Selain itu, dengan menggunakan pasal pencucian uang, pembukaan rekening bisa lebih cepat dan juga lebih cepat dilakukan pengamanan seperti penundanaan transaksi atau pemblokiran rekening. Terkait dengan adanya dugaan bahwa ada hasil kejahatan yang dicuci, bisa diterapkan pembuktian terbalik di pengadilan, yaitu terdakwa wajib membuktikan harta kekayaannya bukan merupakan hasil kejahatan (Pasal 77) dengan cara mengajukan alat bukti yang cukup (Pasal 78). Bila terdakwa tidak bisa membuktikan, harta kekayaannya dirampas dan dinyatakan terbukti melakukan pencucian uang. Hal itu pernah dilakukan terhadap perkara korupi Bahasyim.

Tidak Boleh Ragu

Dengan uraian tersebut seharusnya KPK tidak ragu lagi untuk menerapkan sangkaan pencucian uang pada Angelina sebagaimana yang dilakukan pada Wa Ode. Dengan menerapkan UU TPPU, akan lebih mudah dicari (dan lebih cepat) dikembangkan siapa saja yang terlibat dalam mafia korupsi dan pencucian uang terkait dengan kasus Angelina. Itu terutama untuk mencari bukti apakah nama-nama yang pernah disebutkan menerima aliran dana dari Angelina seperti Mirwan Hamid, Anas Urbaningrum, Andi Mallarangeng, dan I Wayan Koster benar terdapat aliran kepada mereka, bagaimanapun nama-nama tersebut telah disebutkan dalam kesaksian di pengadilan.
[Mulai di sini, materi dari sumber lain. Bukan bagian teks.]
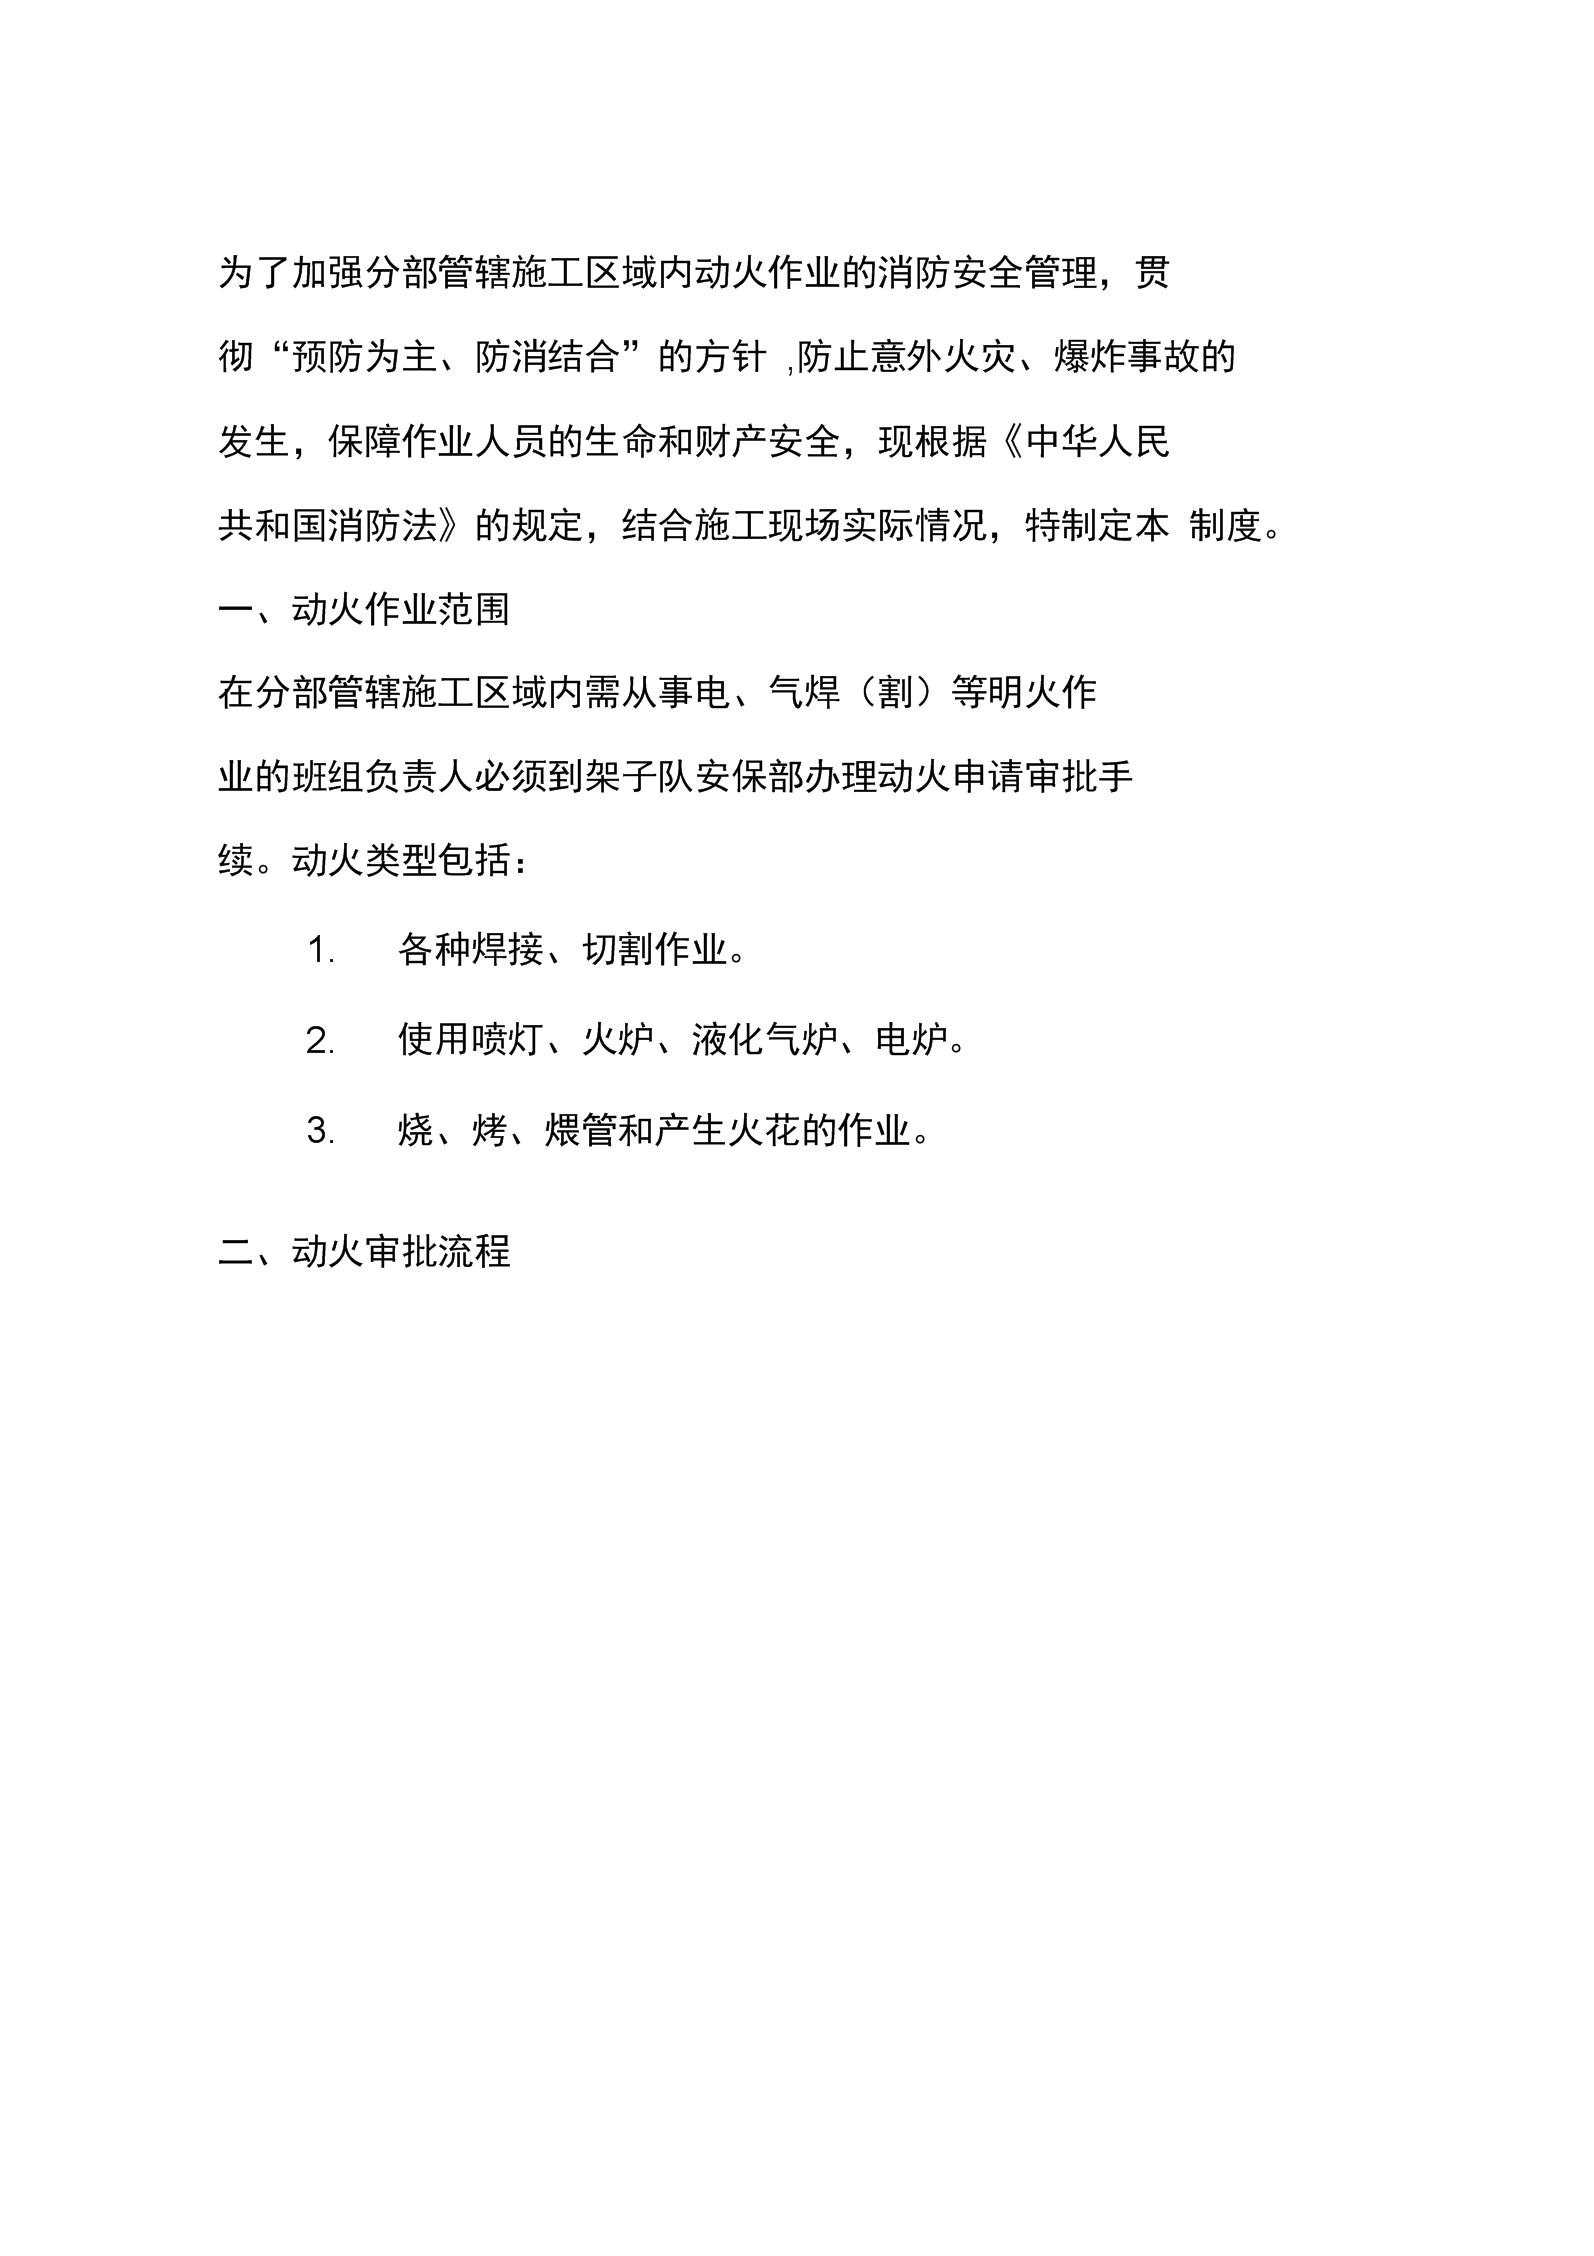 分部动火作业管理制度.docx

KPK juga sangat dituntut untuk lebih menguasai teknis yuridis penegakan hukum terhadap perkara korupsi yang terkait dengan pencucian uang, dan segala strateginya, terutama memulai dari penelusuran aliran dana hasil korupsi, yang akan bermuara pada siapa pun yang menikmati hasil korupsi akan diseret ke pengadilan, dipenjara, dan terkena perampasan harta. Untuk menyemangati KPK, perlu disampaikan di sini bahwa kepolisian dan kejaksaan telah menyidik sekaligus menuntut terkait dengan korupsi plus pencucian uang, dan mereka berhasil.